Each of the eight "portholes" into the box offer a viewpoint that is tailor made to a particular responsibility in the solution's system design. (I'll talk bout viewpoints and other stuff in a short while)
For example, the front/top/left corner... sorry... hole is looking into the box from the functional/application/logical viewpoint, the most abstract view point we use - and an amazingly powerful way for a software engineer to focus on what matters to them, removing all extraneous information from their mind as they work out the shape and structure of "their application", without worrying (too much!) about it's deployment, implementation technologies and technical services needed to keep it going.
Compare that to the back/bottom/right hole - the operational/technical/physical viewpoint, in which all those "previously ignored" issues have to be grappled with - by the systems engineer, things such as "how will we make sure the data's where it needs to be?" and "where will we run the application - here or there?"

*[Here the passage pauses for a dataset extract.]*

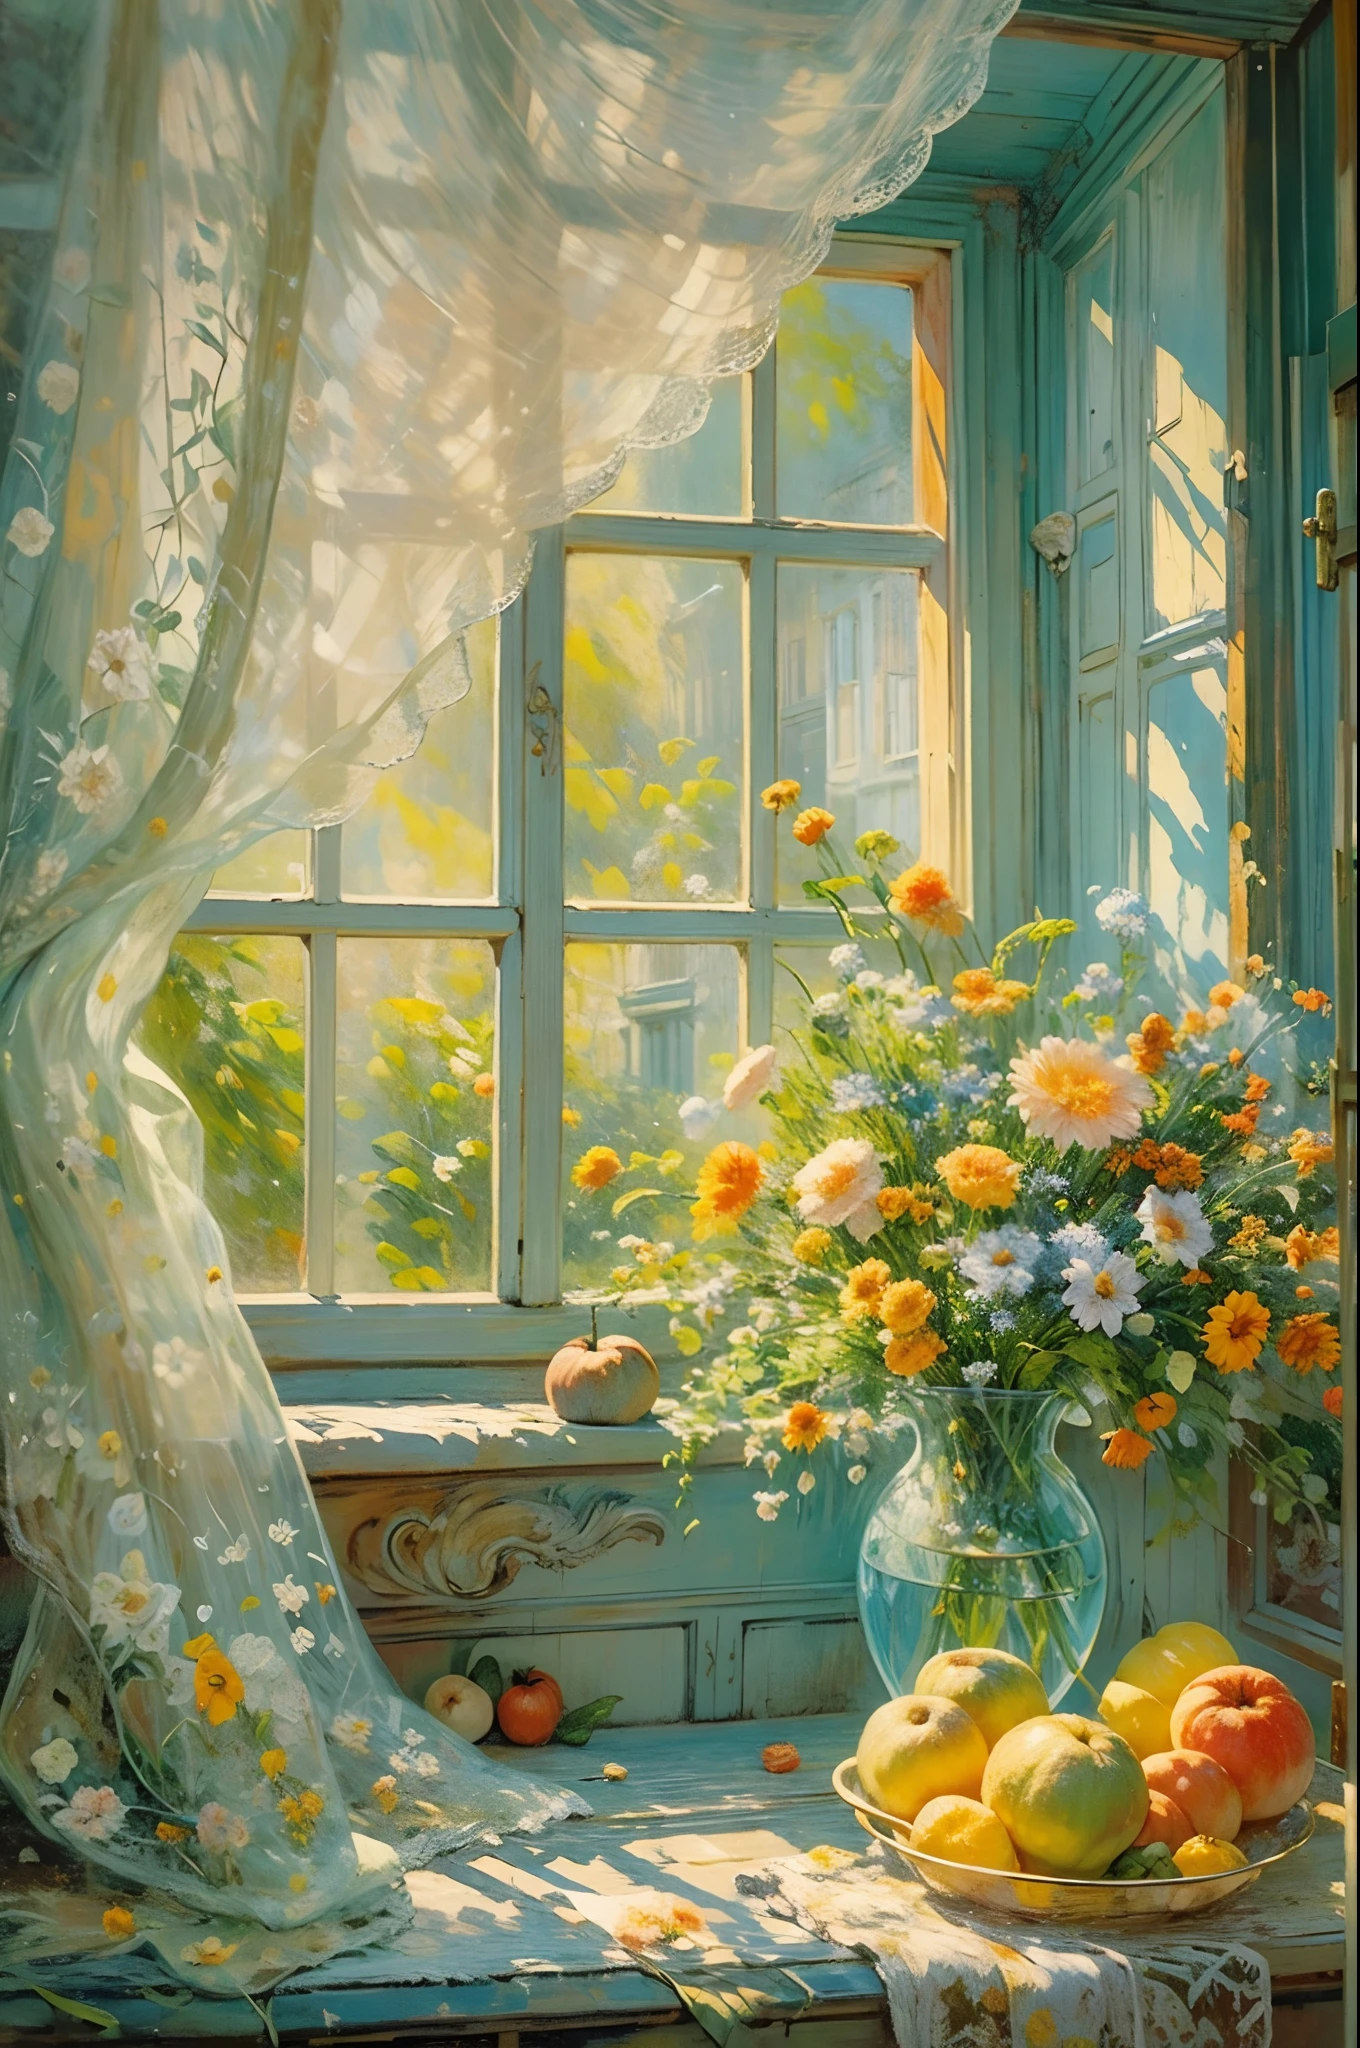 oil painting still life, vintage illustration of a window at the sunny day, iridescent light, soft light, rain drops, lacy curtains, flowers, fruits, dynamic light
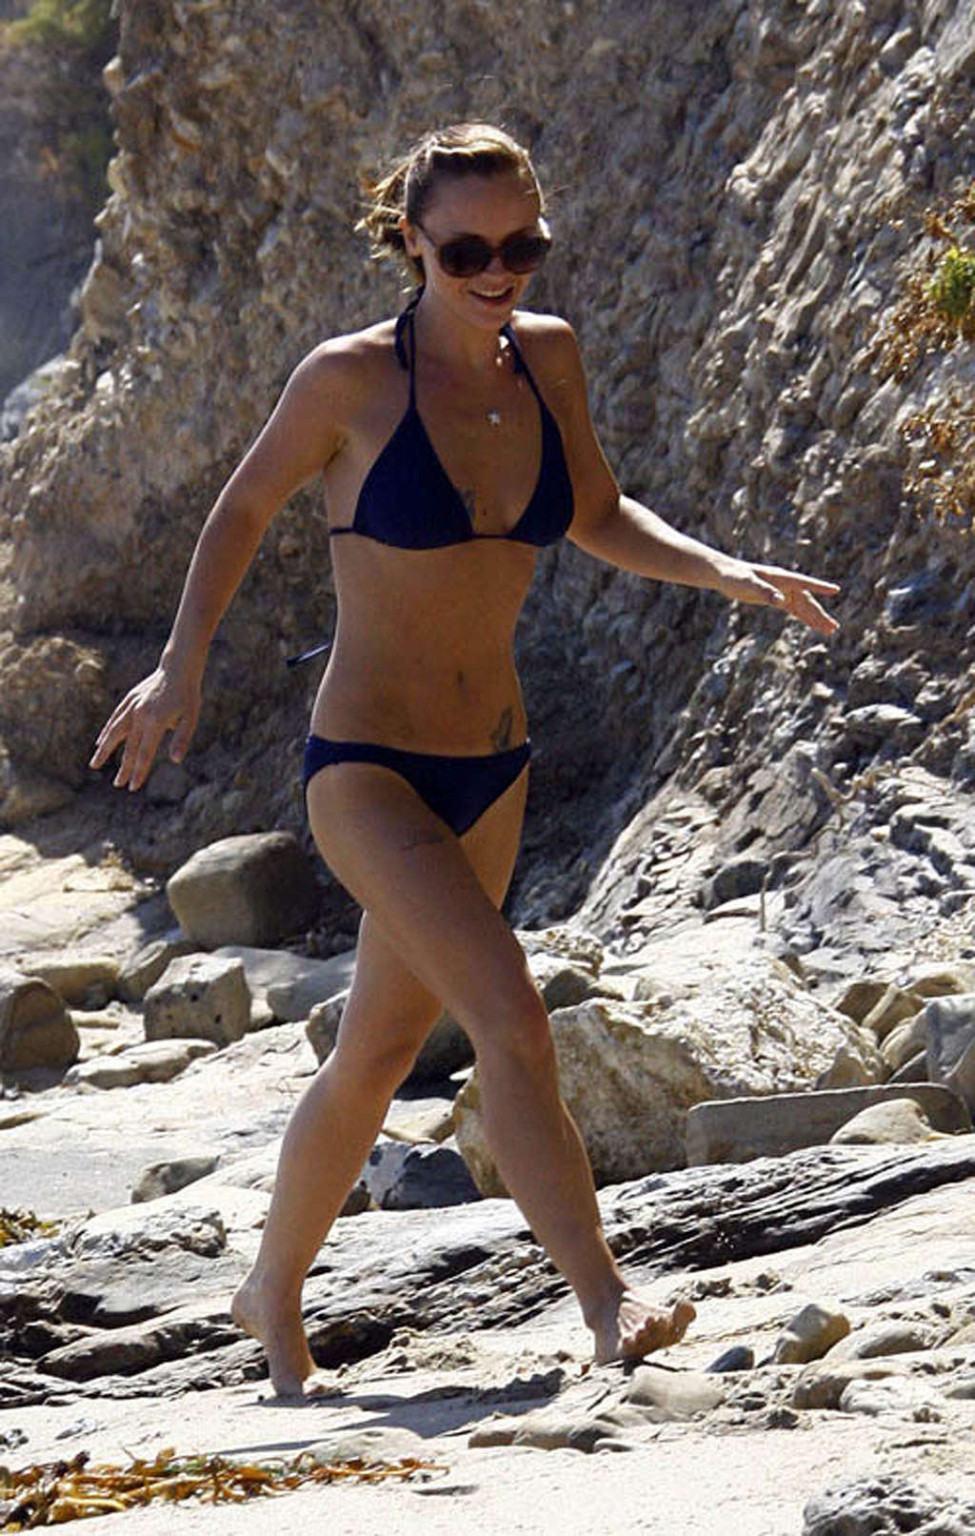 Christina Ricci looking very drunk in bikini with a beer in a hand #75332575

But hold on - surely the software engineer also worries about these things?
YES!
But from different perspectives to that of the systems engineer - they look into the box from the left hand side's four holes - so if they choose to think about how their application will be supported by "infrastructure", they'll use the (bottom/left/front) technical/functional/logical viewpoint as a way of understanding the technical implications and functional requirements placed on the infrastructure by their application and data design - such as specifying the behaviour of the underlying infrastructure needed to supply, backup and maintain their data, or to maintain their application's transaction integrity.